Switzerland's Forest in a Changing Climate: Who Gains, Who Loses – and What Must Be Done

Blog (EN)

clarus.news | Analysis | 17 May 2026

By Thierry Leserf, with analytical support from Claude Opus (Anthropic)

Correction note (23 June 2026): This version was revised following expert feedback from the Swiss Federal Research Institute WSL. The title, lead and conclusion were amended, as were the climate baselines (now Climate CH2025 instead of the older A1B projections) and the statements on non-native tree species. We thank the WSL for its input.

The 2025 Forest Report by the FOEN and WSL paints a sobering picture: spruce, beech and ash – three of the most important tree species – are losing ground markedly in Switzerland's low and mid-elevation forests. Behind the direct climate effects, two amplifiers are at work that experts watch with concern: imported pathogens and nitrogen from agriculture. With the Integrated Forest and Timber Strategy 2050, the federal government has set clear signposts – the task now is to implement the measures consistently.

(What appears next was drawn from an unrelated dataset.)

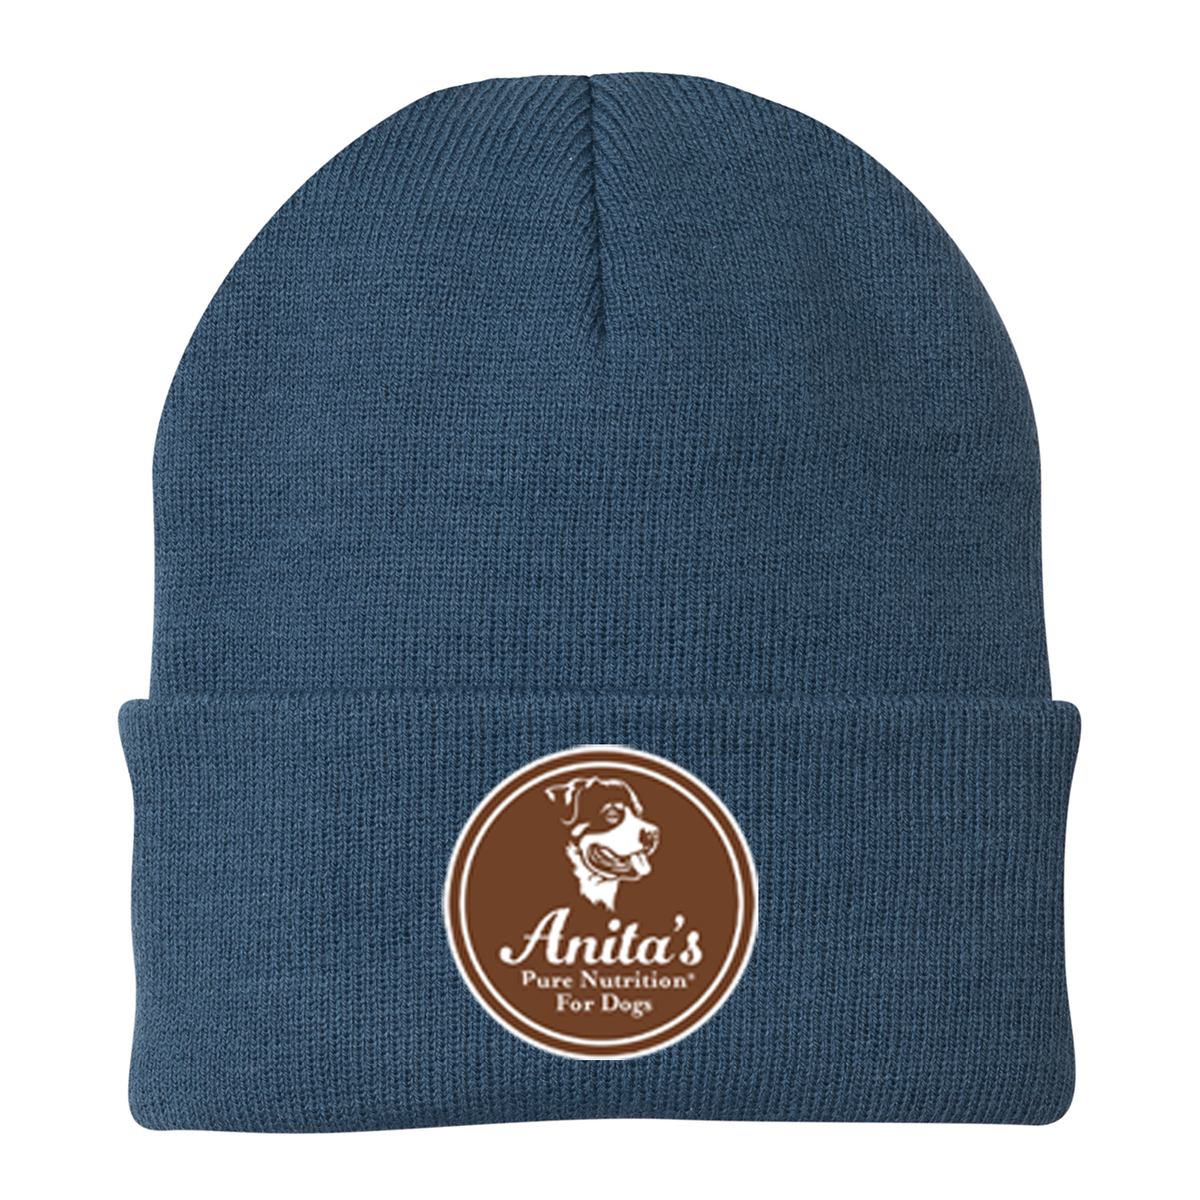 Anita's Pure Nutrition For Dogs Knit Beanie

2.9 Degrees – and Only the Beginning

Since November 2025, the Climate CH2025 scenarios produced by MeteoSwiss and ETH Zurich have formed the current national baseline. They show that Switzerland had already warmed by roughly 2.9 degrees above pre-industrial levels by 2024 – more than twice the global average of about 1.3 degrees. CH2025 lists the main consequences for Switzerland as more frequent and intense heat, drier summers, more frequent and heavier extreme precipitation, and less snow. For the first time, it also addresses forest-fire danger, which could roughly double in many regions in a world three degrees warmer globally.

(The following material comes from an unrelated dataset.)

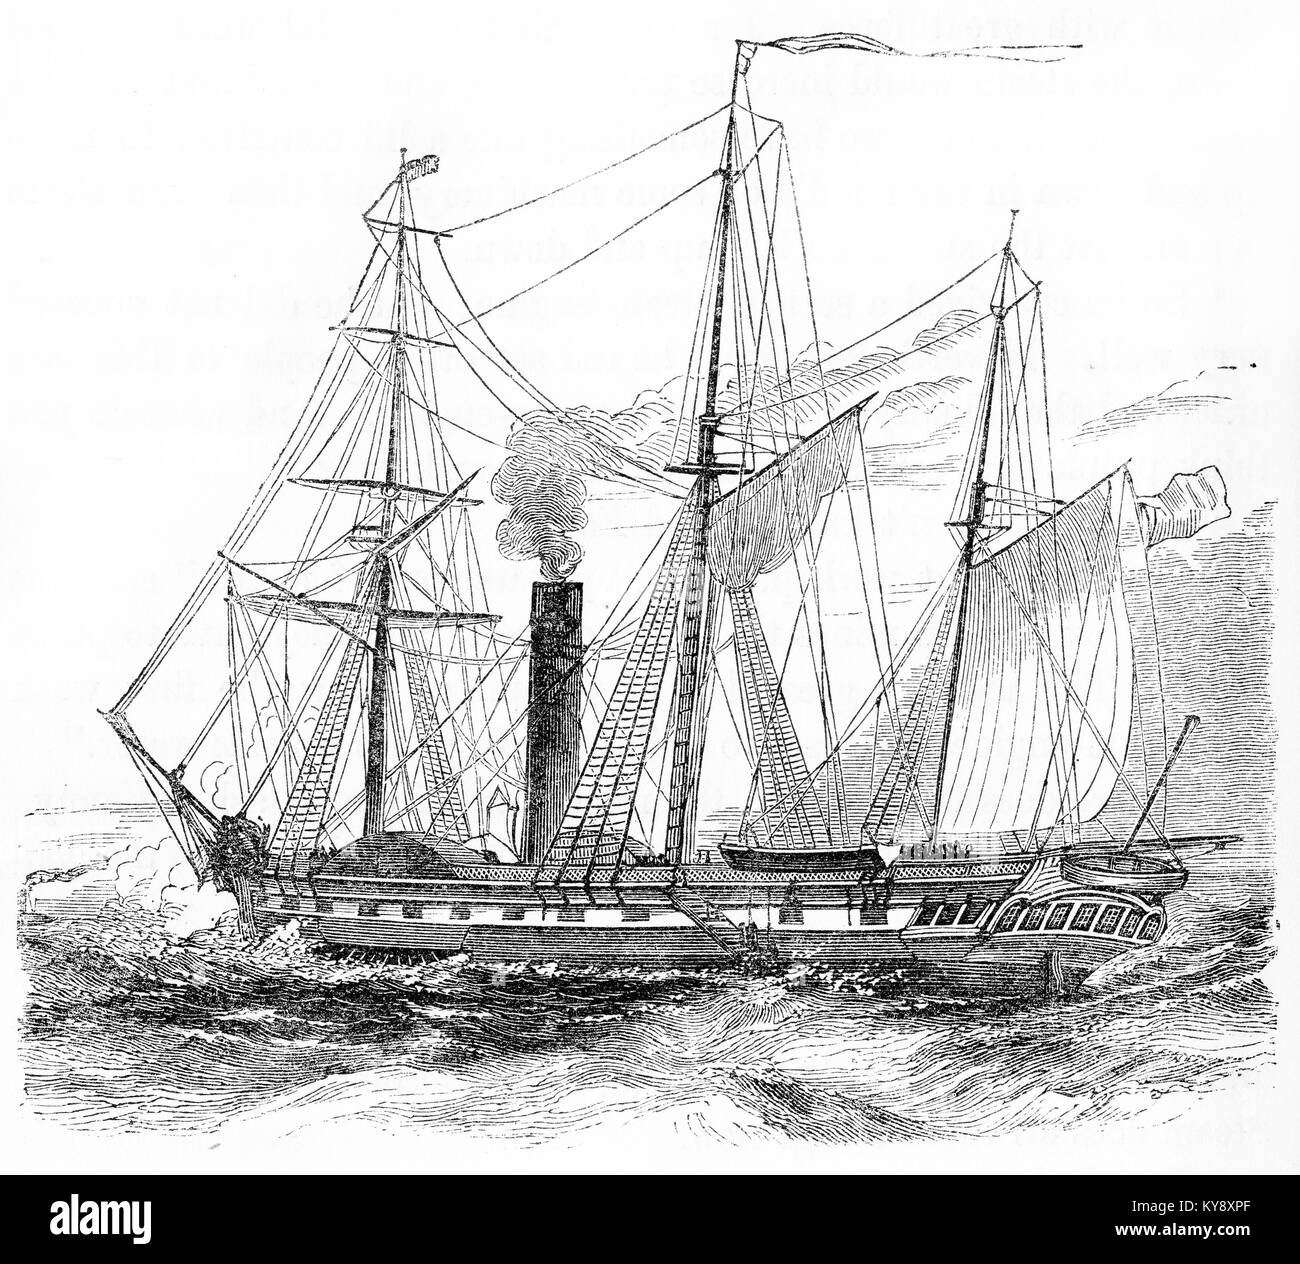 Engraving of a sailing ship equipped with steam boilers during the Victorian era. From an original engraving in the Harper's Story Books by Jacob Abbott, 1854. Stock Photo

The forest-specific projections underpinning the sections below come from the FOEN/WSL research programme "Forests and Climate Change" (2016/2017) and rest on the "medium" A1B scenario of that time. They remain the best available basis for the question of which species shift where – and CH2025 confirms, and tends to sharpen, the direction of change. More decisive for the forest than mean warming, however, is the seasonality of precipitation: while annual rainfall declines only slightly, summer rain collapses – by 24 per cent in north-western Switzerland and 23 per cent in the south by the end of the century under the "medium" scenario. Prolonged droughts become the norm. The ratio of actual to potential evapotranspiration – the key measure of water availability – falls below the critical value of 0.8 on the Plateau and in Ticino, the point at which trees close their stomata and must halt photosynthesis.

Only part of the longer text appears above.